To some extent, the scale of the project is related to the age and engineering of Riverside Park: a rickety park needs to be revised every century or so. But the sums at stake are also symptoms of more ordinary everyday neglect. Anyone who has ever had trouble with a leaking faucet or seen grout turn to dust between bathroom tiles turn to dust knows that the small job of today becomes the major business of tomorrow. The problem is that bureaucracies share the human impulse to procrastinate; they formalize it, in fact. The parks department’s annual spending allowance, which was reduced in 2020 and reinstated this year, fluctuates around half a percent of the city’s total budget, never enough to hold back the forces of entropy. A 2018 study by the Center for an Urban Future estimated that in most years the department has enough to cover only about 15 percent of its ever-growing needs.

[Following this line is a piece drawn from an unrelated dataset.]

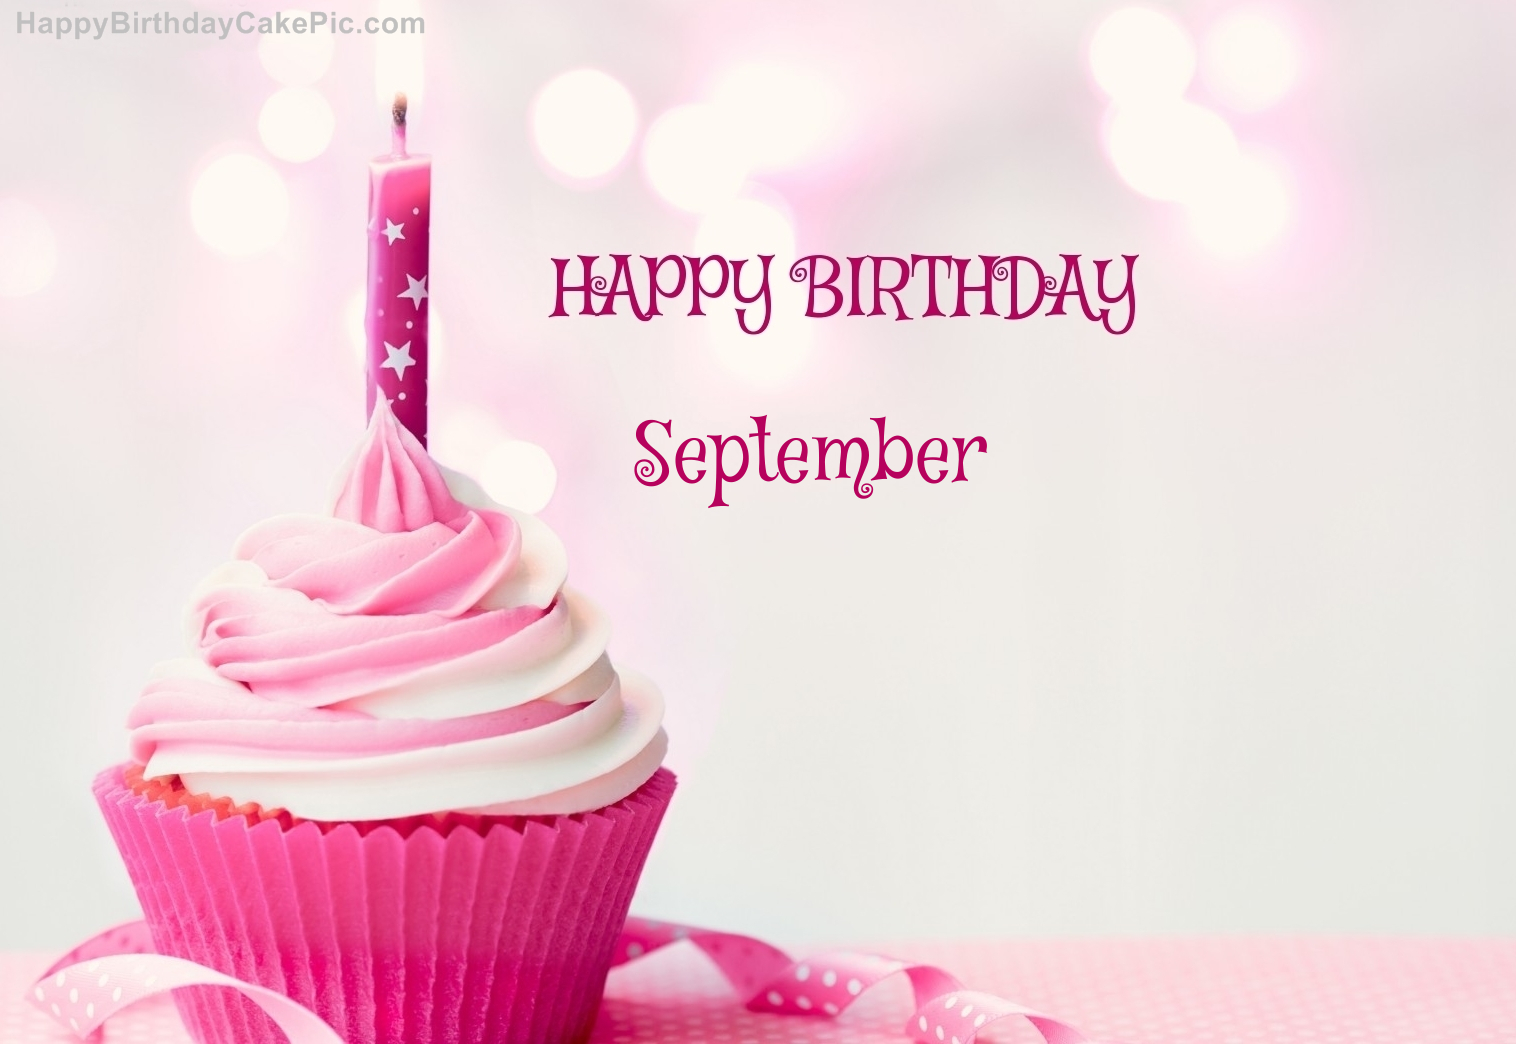 http://happybirthdaycakepic.com/September/7/happy-birthday-cupcake-candle-pink-picture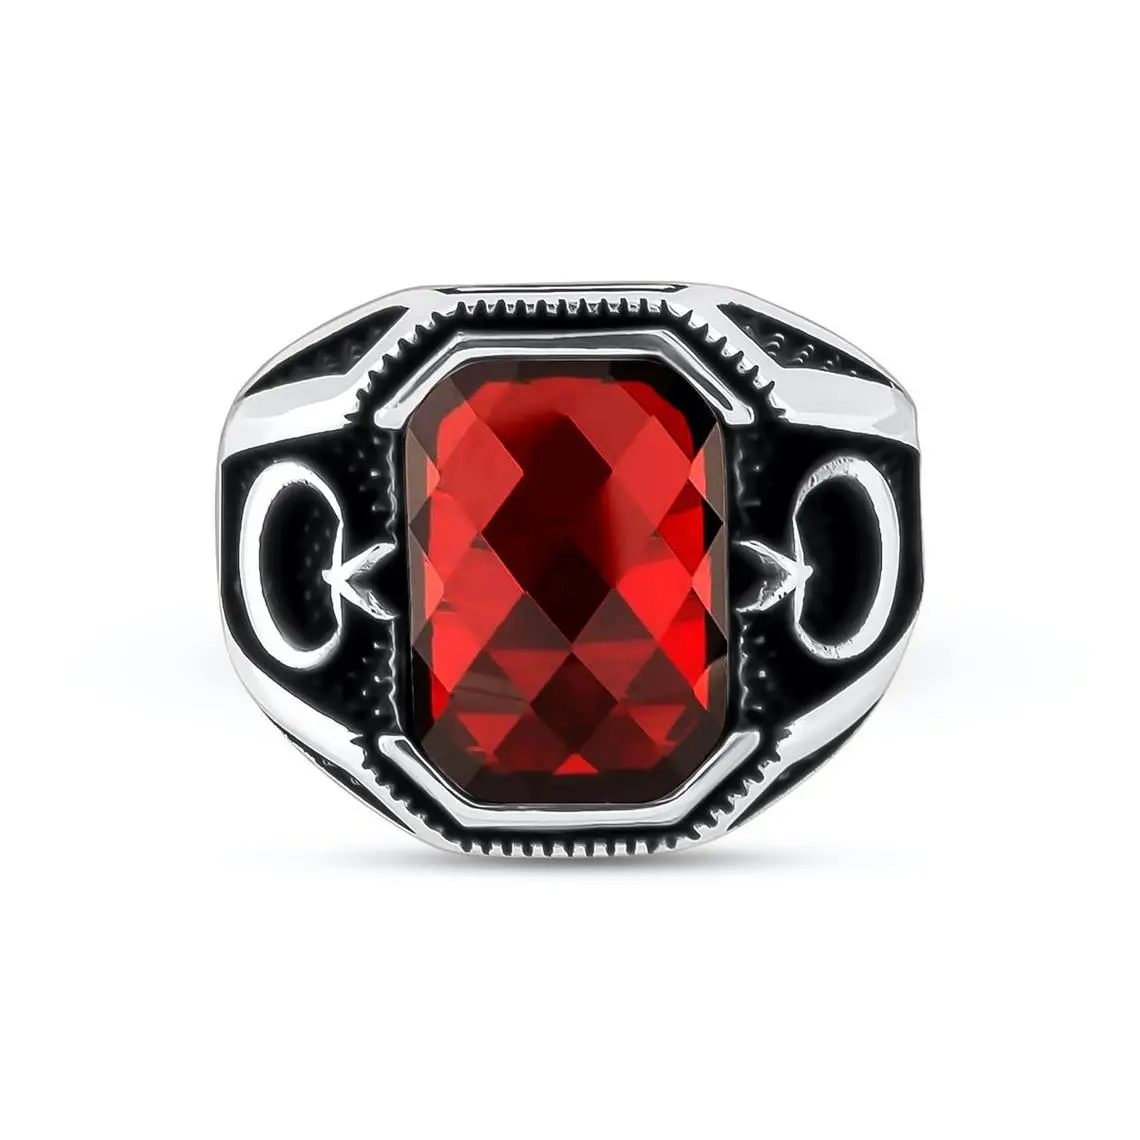 

Silver Oval Faceted Red Zircon Gemstone Ring, Turkish Men Jewelry, Moon Star Motif Ring 925 Sterling Silver Collocation Fashion

“It’s subject to boom and bust cycles,” says Adam Ganser, executive director of the New Yorkers for Parks advocacy organization. “If the economy goes down, Parks is the first to be cut.” When the balloon needs or suddenly become severe, the mayor can sometimes drag large sums from one column to another. Individual city council members can free up discretionary funds or pressure their colleagues to allocate specific projects. (Private donations only play a major role in Central Park, where conservation manages the landscape on behalf of the city, and residents of some of the world’s most expensive real estate make around $ 74 million a year to guard their yards. in good shape.) New Yorkers for Parks spent much of the spring trying to keep a promise from the mayoral candidates: that they will double the Department’s share of the city’s budget to one percent, which would be transformative. . So far, Andrew Yang, Scott Stringer, Kathryn Garcia, Shaun Donovan, Ray McGuire and Art Chang have taken this vow.
When Silver, who has headed the department since 2014 and plans to step down soon, pressed his boss for more money, he did so quietly and in private, leaving the lawyers to scream and shout. Silver has been adept at handling these inconsistent fundraising flows. Realizing that the parks system reproduces other urban inequalities – residents of large areas of Brooklyn and Queens have limited access to greenery – it launched the Community Parks Initiative, a $ 318 million campaign that rehabilitated 67 Long neglected neighborhood parks in underserved areas. He claims to have cut for months the multi-year process of reconstructing a playground and points to his record of delivering hundreds of capital projects on time and on budget. Full-time staff has declined; instead, traveling teams of workers show up where they’re needed every day. But the lesson of all this managerial efficiency is wrong – that the city can become entangled indefinitely, perform the landscape equivalent of triage on the battlefield, and postpone reportable problems until they finally become too dangerous and embarrassing to be ignored. At a time when the city must make the point to all current and potential New Yorkers that this is where they should want to live, it cannot let its approach to open space be dictated by urgency and urgency. shame.